Exercise prompt: Please retype the listing exactly as it appears, skipping each picture.
(Dataset excerpt)
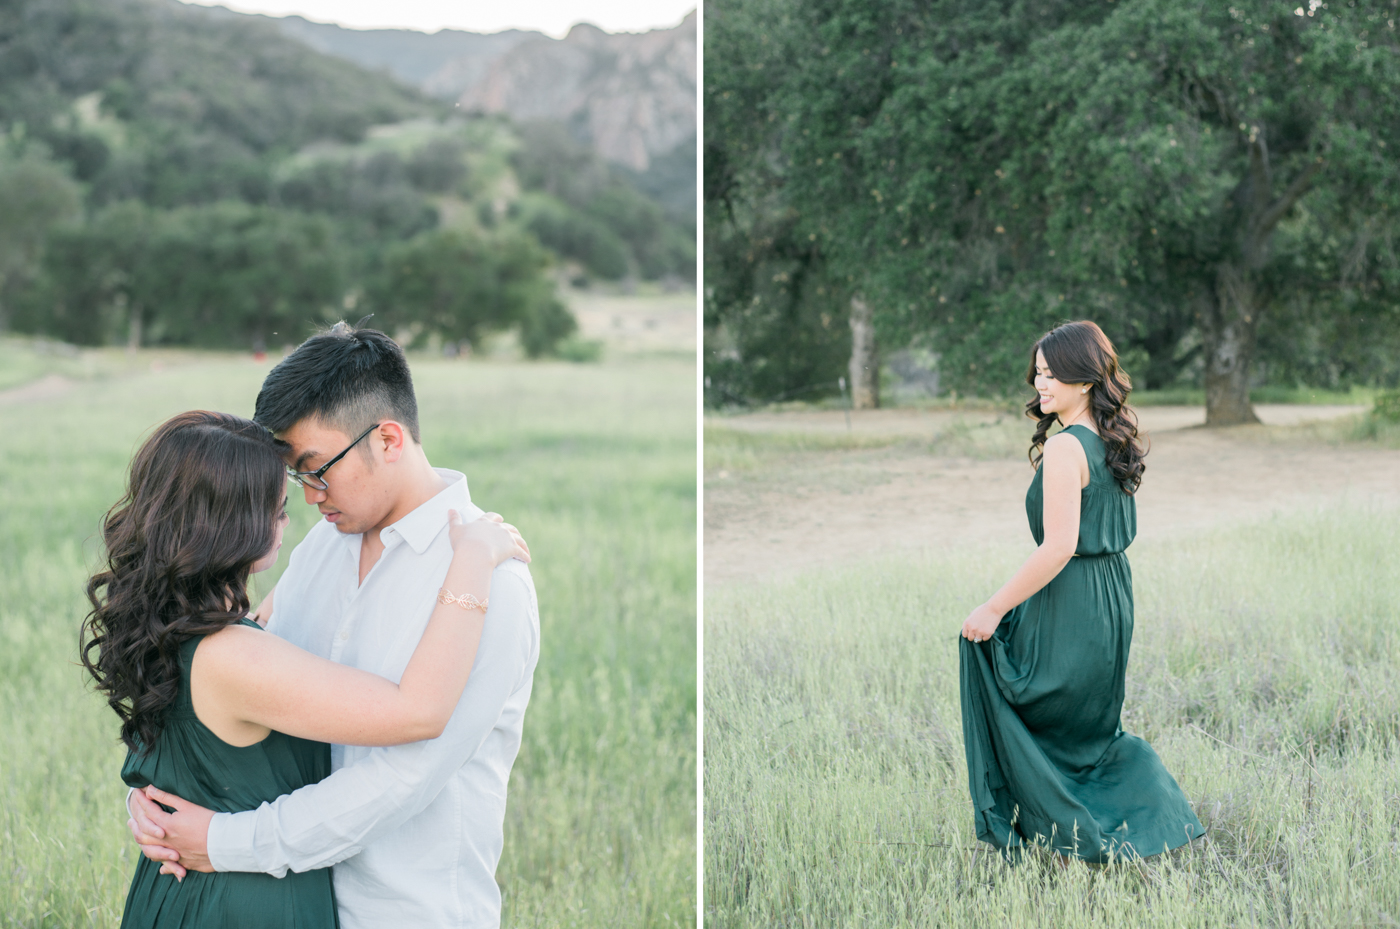 dianne&christian-malibu-creek-state-park-engagement-session-photography-los-angeles-based-wedding-photographer-18.jpg
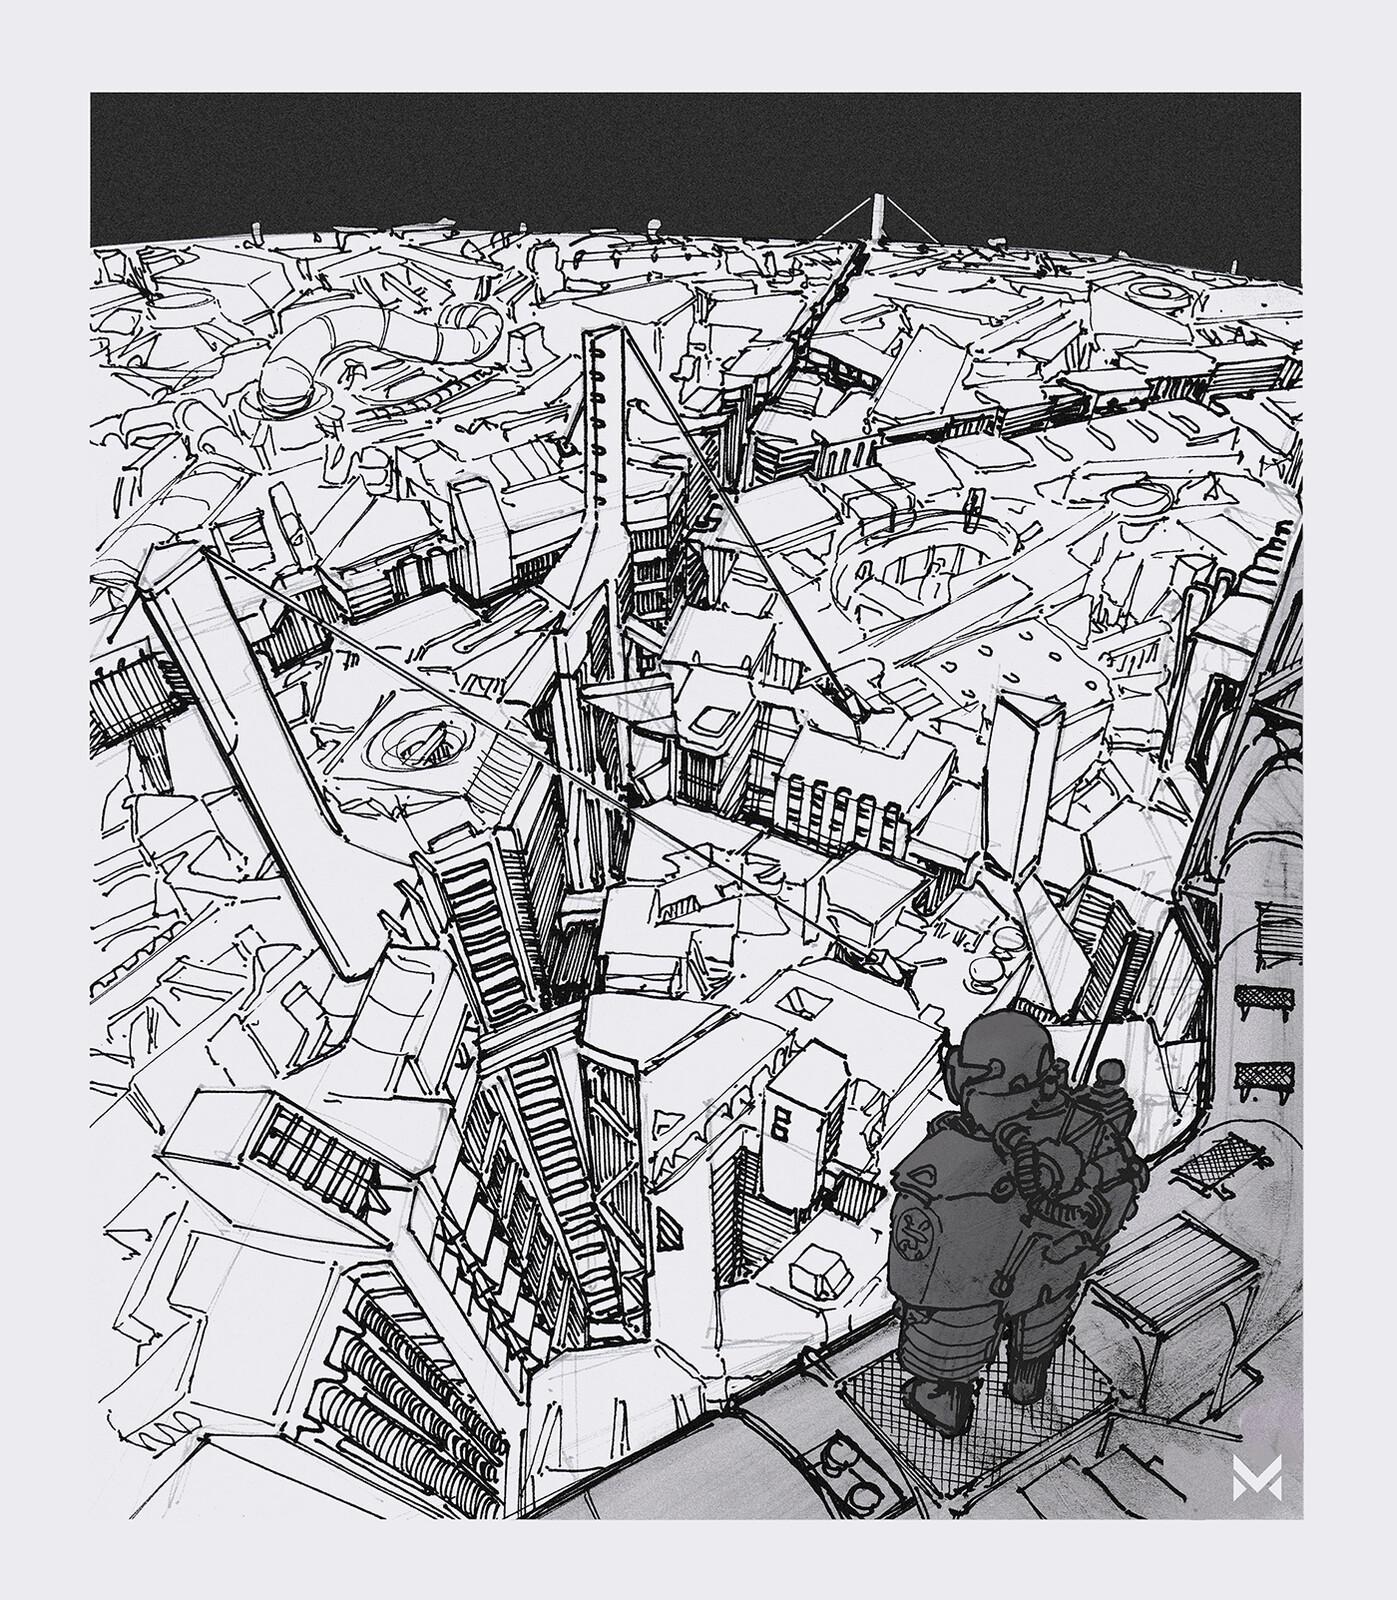 Megastructure-Venture  - inspired by Tsutomu Niheis manga epic 'Blame!'
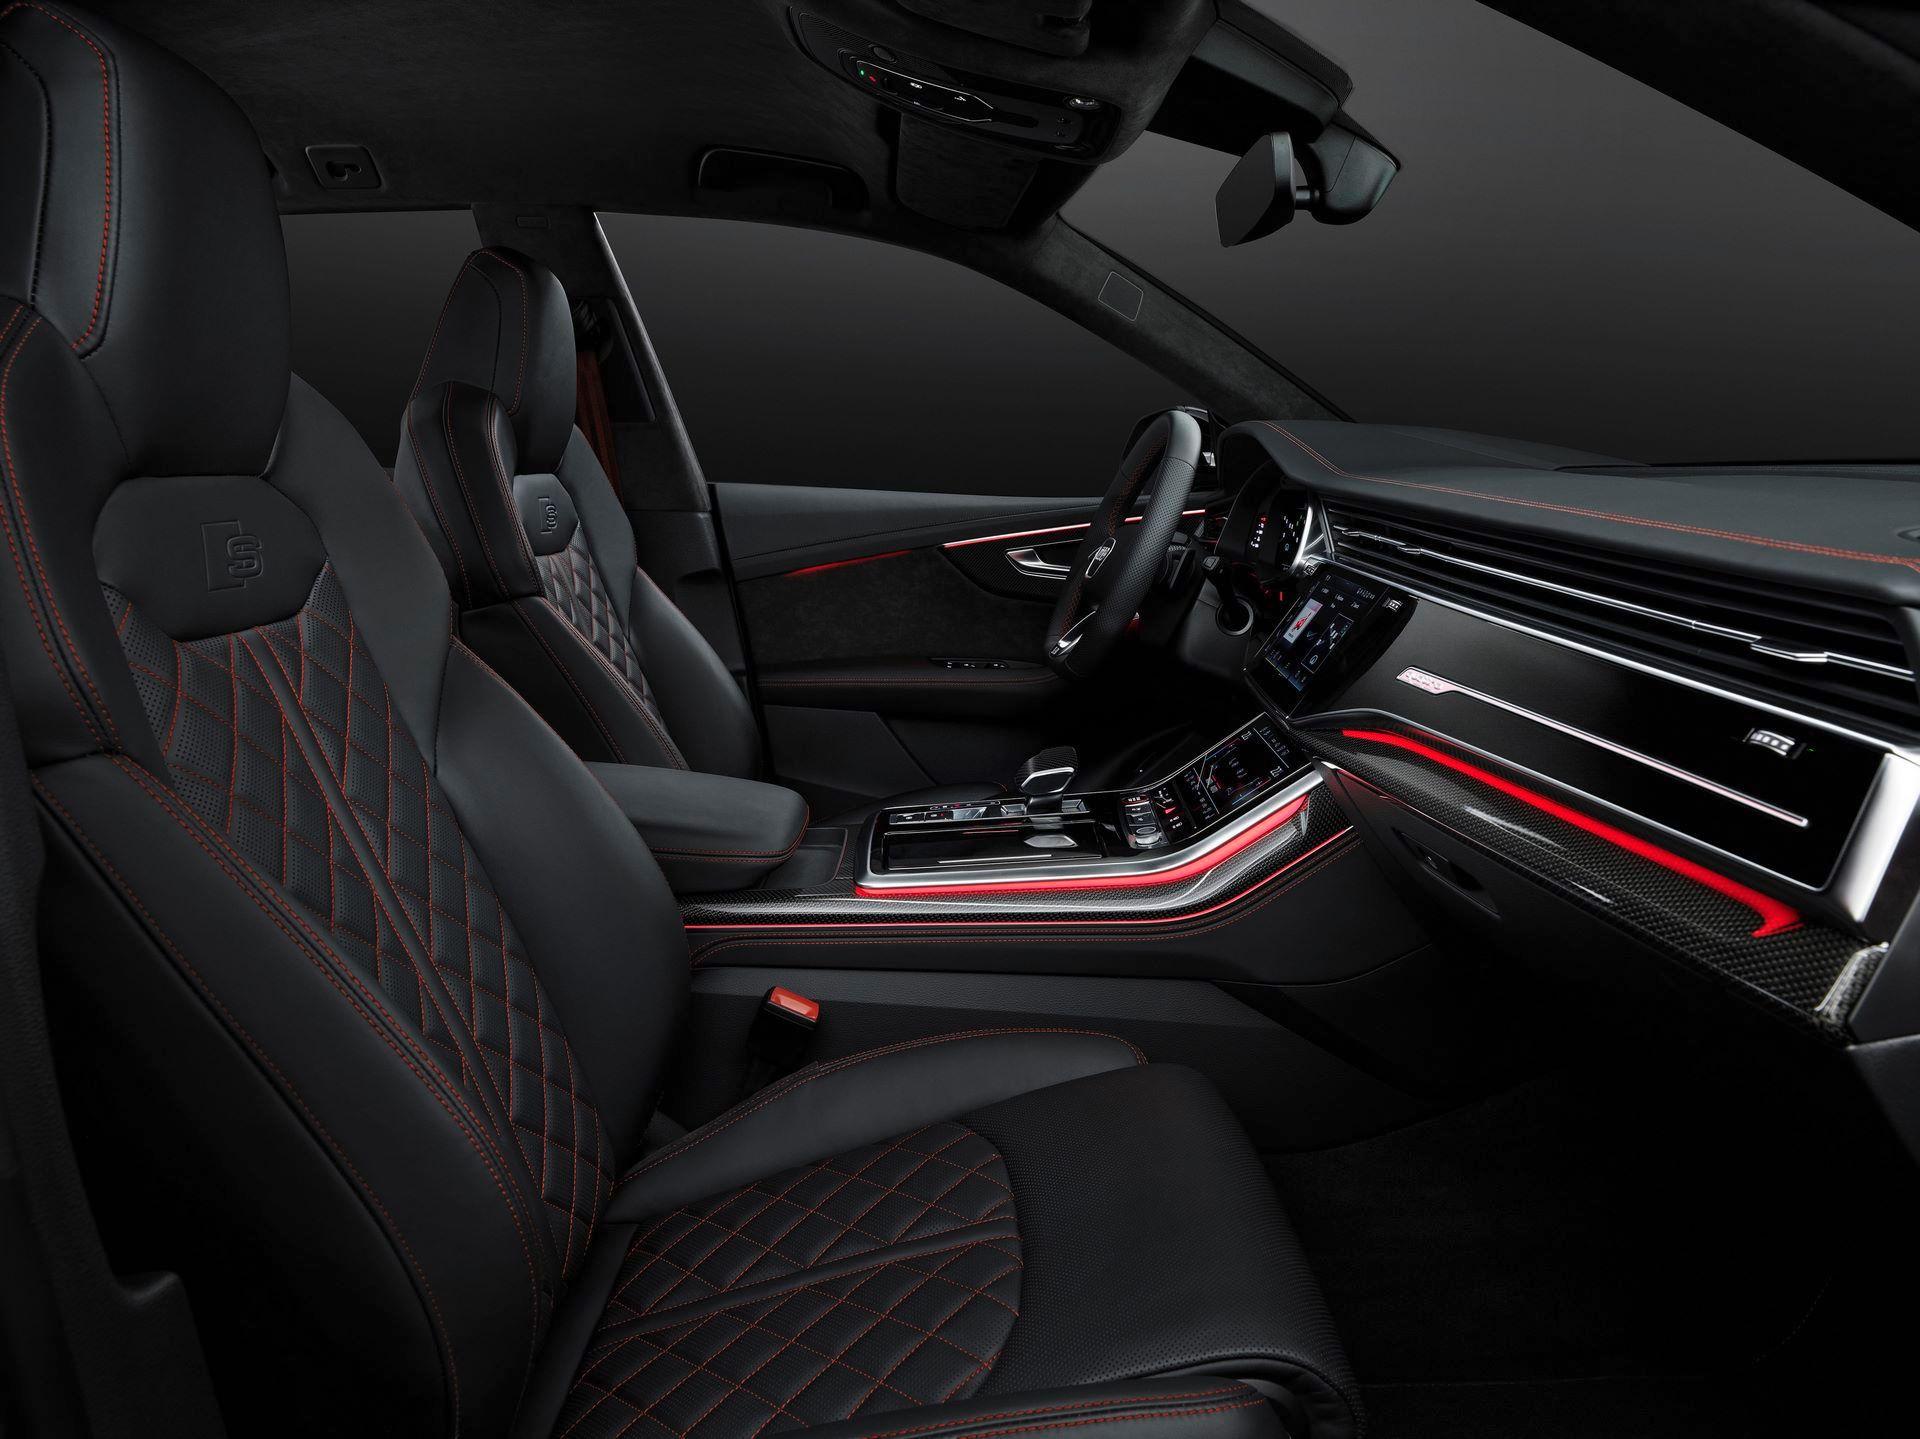 Audi-A4-A5-Q7-Q8-Competition-And-Competition-Plus-Trims-47
(End Dataset excerpt)
Problem solution:
 dianne&christian-malibu-creek-state-park-engagement-session-photography-los-angeles-based-wedding-photographer-18.jpg
 Megastructure-Venture  - inspired by Tsutomu Niheis manga epic 'Blame!'
 Audi-A4-A5-Q7-Q8-Competition-And-Competition-Plus-Trims-47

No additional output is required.